她忽然发微信给我:“晚上我做饭。你来。”没有问号,是决定后通知。
这是她第三次主动邀请我去她家。
第一次是她家吃饭后送薄荷糖。
第二次是初吻那天晚上。
第三次是今晚。
我到的时候天刚开始暗。
推开她公寓的门,狭长的玄关,窄鞋柜上放着一面小圆镜和一盆绿萝。
客厅的原木地板擦得干净,白色墙面没有任何多余装饰,浅灰色双人布沙发,一张原木茶几。
茶几上放着一本翻了一半的普拉提解剖学教材、一只白色陶瓷杯泡着茉莉花茶。
阳台玻璃门半开着,晚风把白色纱帘吹得轻轻鼓起又收回去。
阳台栏杆上那几盆茉莉花,有一盆正在开,香味从纱帘缝隙里飘进来。
厨房在客厅尽头,白色石英石台面。调料瓶排列得整整齐齐,标签全部朝外,间距几乎相等。

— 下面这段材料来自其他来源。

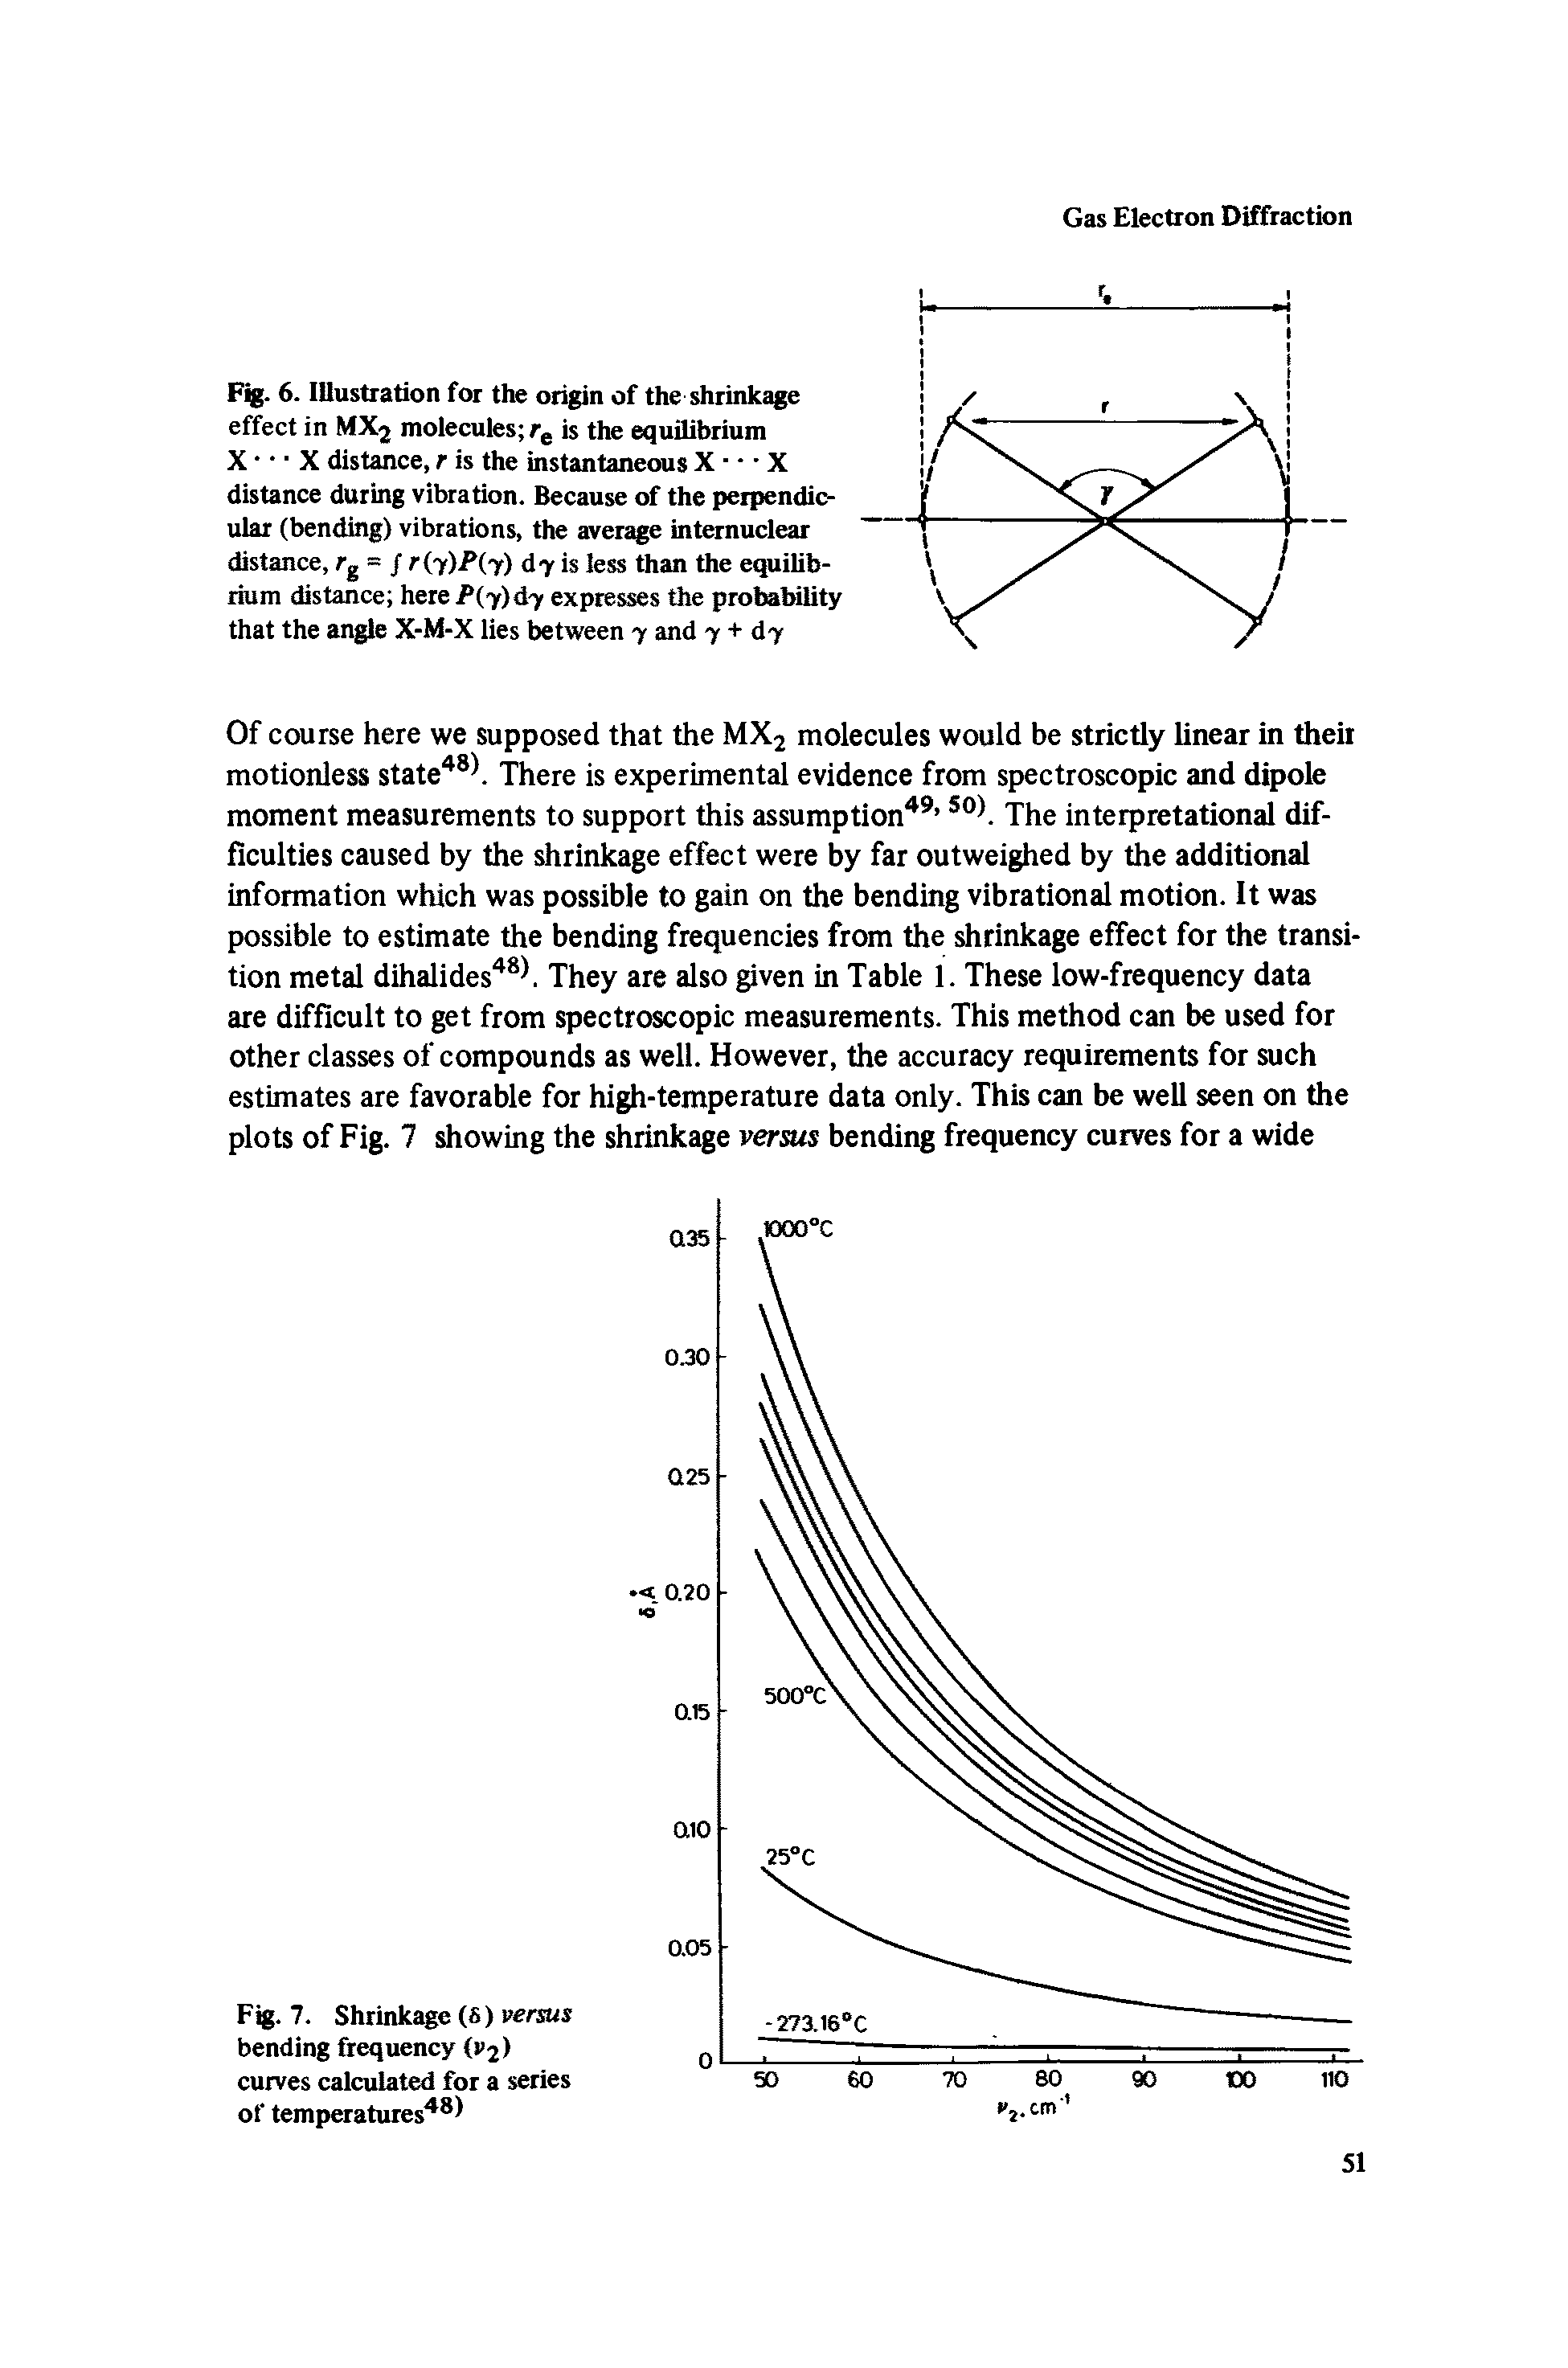 Fig. 6. Illustration for the origin of the shrinkage effect in MXj moiecuies is the equilibrium X X distance, r is the instantaneous X X distance during vibration. Because of the perpendic-uiar (bending) vibrations, the average internuciear distance, fg = / r i)P(y) d7 is less than the equilibrium distance here P(y)dy expresses the protebility that the angle X-M-X lies between y and y + dy...

冰箱门上空无一物。
她站在厨房里,背对着我。
浅灰色棉质长袖家居服,配套宽松长裤,赤足套了双白色棉袜。
深色发圈扎成低马尾。
无边眼镜照常架在鼻梁上。
腰间系着白色围裙,正弯腰打开烤箱看里面烤着的什么东西。
听到我的脚步声,她没有回头。
“坐一下。鱼还要再烤五分钟。排骨汤炖好了,在砂锅里。”
她在做菜的时候动作一如既往地精准。
每一次翻炒的幅度都刚好,手腕旋转的角度准确而稳定。
锅铲入锅、食材翻身、调味瓶开封、倾倒、归位,所有动作流畅得像是编好程序的机械臂。
我靠在厨房门框上看着她。她察觉到我在看,没有回头,但耳朵尖慢慢变红了。
“你再看我就切到手了。”
“你怎么知道我在看你?”
“你呼吸的声音变了。刚才在客厅的时候是匀速的,现在站在门口你呼气的节奏慢了大概半拍。”
“这都能听出来?”
“能。”她把炒好的西芹百合装盘,关火,转过身来。
因为刚才在灶台前站了快半个小时,热气把她鼻梁上那副无边眼镜的镜片熏出了一层极薄的雾。
她摘下眼镜,用围裙边角擦了一下镜片。
那一瞬间,我看到了她不戴眼镜的完整眉眼。
眉骨线条清晰,睫毛根根分明。
鼻梁上没有镜架压过的痕迹,那副钛合金镜架大概轻到几乎没有存在感。
但她的眼睛在没有镜片过滤之后,在暖色厨房灯光下第一次完全裸露。
瞳仁极深极深的棕色,里面映着吸顶灯的倒影。
然后她重新戴上眼镜,把它推回鼻梁原位。那个动作,手指从鼻梁到耳后的滑动,只做了不到一秒。是下意识的,就像呼吸。
“可以吃了。”
三菜一汤:清蒸鲈鱼、西芹炒百合、番茄炒蛋、冬瓜排骨汤。
排骨是下午去菜场买的,炖了三个多小时。
她盛汤时先捞了两块排骨放进我碗里,再舀清汤浇上去。